Next time: Itzapalotl, Mictacacihuatl, Quetzalcoatl, Tezcatlipoca, Tlaloc, Xipe Totec, Xochipilli and Xochiquetzal

DAD LOST MY IPOD
Feb 3, 2012

Fats Dominar is on the case


SQUAD BROKEN

Dawgstar
Jul 15, 2017

Wikipedia Brown posted:

I'd only want to use a single Necron (with maybe a twist reveal of a couple more at a really inopportune moment) to terrorize like a Dark Heresy party, Terminator style, chasing them through some hive and leaving carnage everywhere. And maybe they could take it out by luring into a smelter, a la T2 or Alien 3, rather than fighting it directly.

Played that. It was fun. Didn't have a smelter, but we wound up knocking it into the a giant puddle made by some kind of runoff from the underhive. We weren't sure if it was acidic, but only God knows what was in it and it didn't get out again.

Vox Valentine
May 31, 2013

Solving all of life's problems through enhanced casting of Occam's Razor. Reward yourself with an imaginary chalice.

I love how in the context of all the bad dumb grimdark Hamtime poo poo you can just casually throw out something like "the Sister Hat Incident" and I will know what you're talking about immediately because that name encapsulates "the time a bunch of Grey Knights flayed some battle nuns to use their blood as a holy armor coating because Matt Ward thought it was a cool idea and he's an idiot" perfectly.

Night10194
Feb 13, 2012

We'll start,
like many good things,
with a bear.

Hostile V posted:

I love how in the context of all the bad dumb grimdark Hamtime poo poo you can just casually throw out something like "the Sister Hat Incident" and I will know what you're talking about immediately because that name encapsulates "the time a bunch of Grey Knights flayed some battle nuns to use their blood as a holy armor coating because Matt Ward thought it was a cool idea and he's an idiot" perfectly.

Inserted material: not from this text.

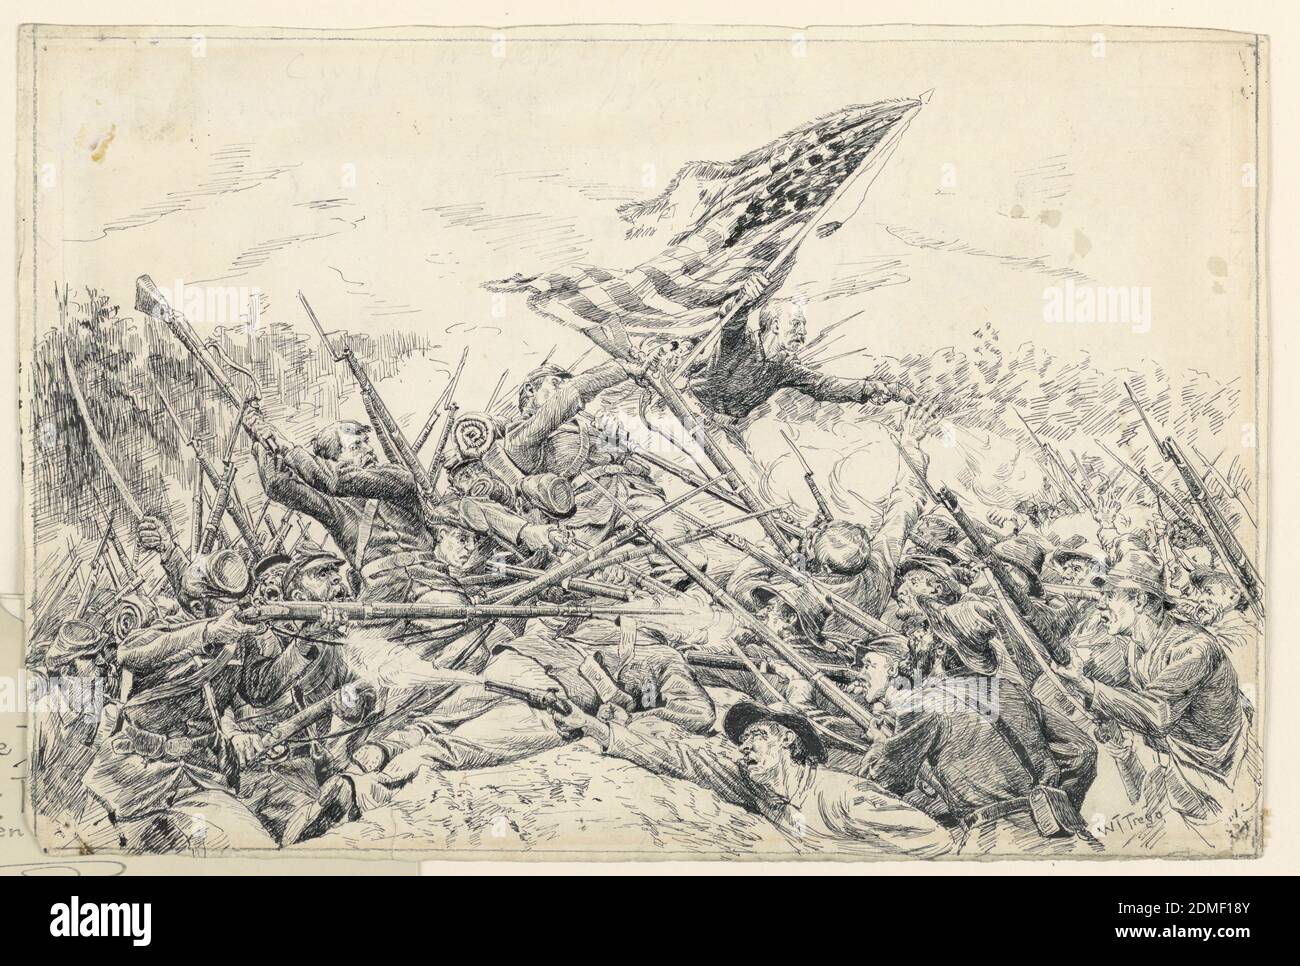 Hancock's Corps Assaulting the Works at the 'Bloody Angle', William Brooke Thomas Trego, American, 1859 - 1909, Pen and black ink on wove paper, The Union and Confederate troops in hand-to-hand combat., Spotsylvania Courthouse, Virginia, USA, 1887, figures, Drawing Stock Photo

The fact that everyone knows at least the basics of 40k by nerd osmosis makes this a lot easier to do.

The Grey Knights book where they did that would be released 1 year after this book. I do appreciate how the Ultramarine Insanity track is 'become more like Matt Ward thinks you are', however.

Cythereal
Nov 8, 2009

I love the potoo,
and the potoo loves you.

Night10194 posted:

The fact that everyone knows at least the basics of 40k by nerd osmosis makes this a lot easier to do.

The Grey Knights book where they did that would be released 1 year after this book. I do appreciate how the Ultramarine Insanity track is 'become more like Matt Ward thinks you are', however.

From the supplement that has the rest of the First Founding chapters, the Raven Guard insanity track appeals to me. They become "Please stop being suicidally aggressive morons, guys. We'd get so much more poo poo done if we took our time, planned things out, snuck ahead quietly... Guys? (sounds of massive carnage in the distance)"

Der Waffle Mous
Nov 27, 2009

In the grim future, there is only commerce.
Old necrons still annoy me somewhat because their first book came out around the time they changed the fluff style in the codexes.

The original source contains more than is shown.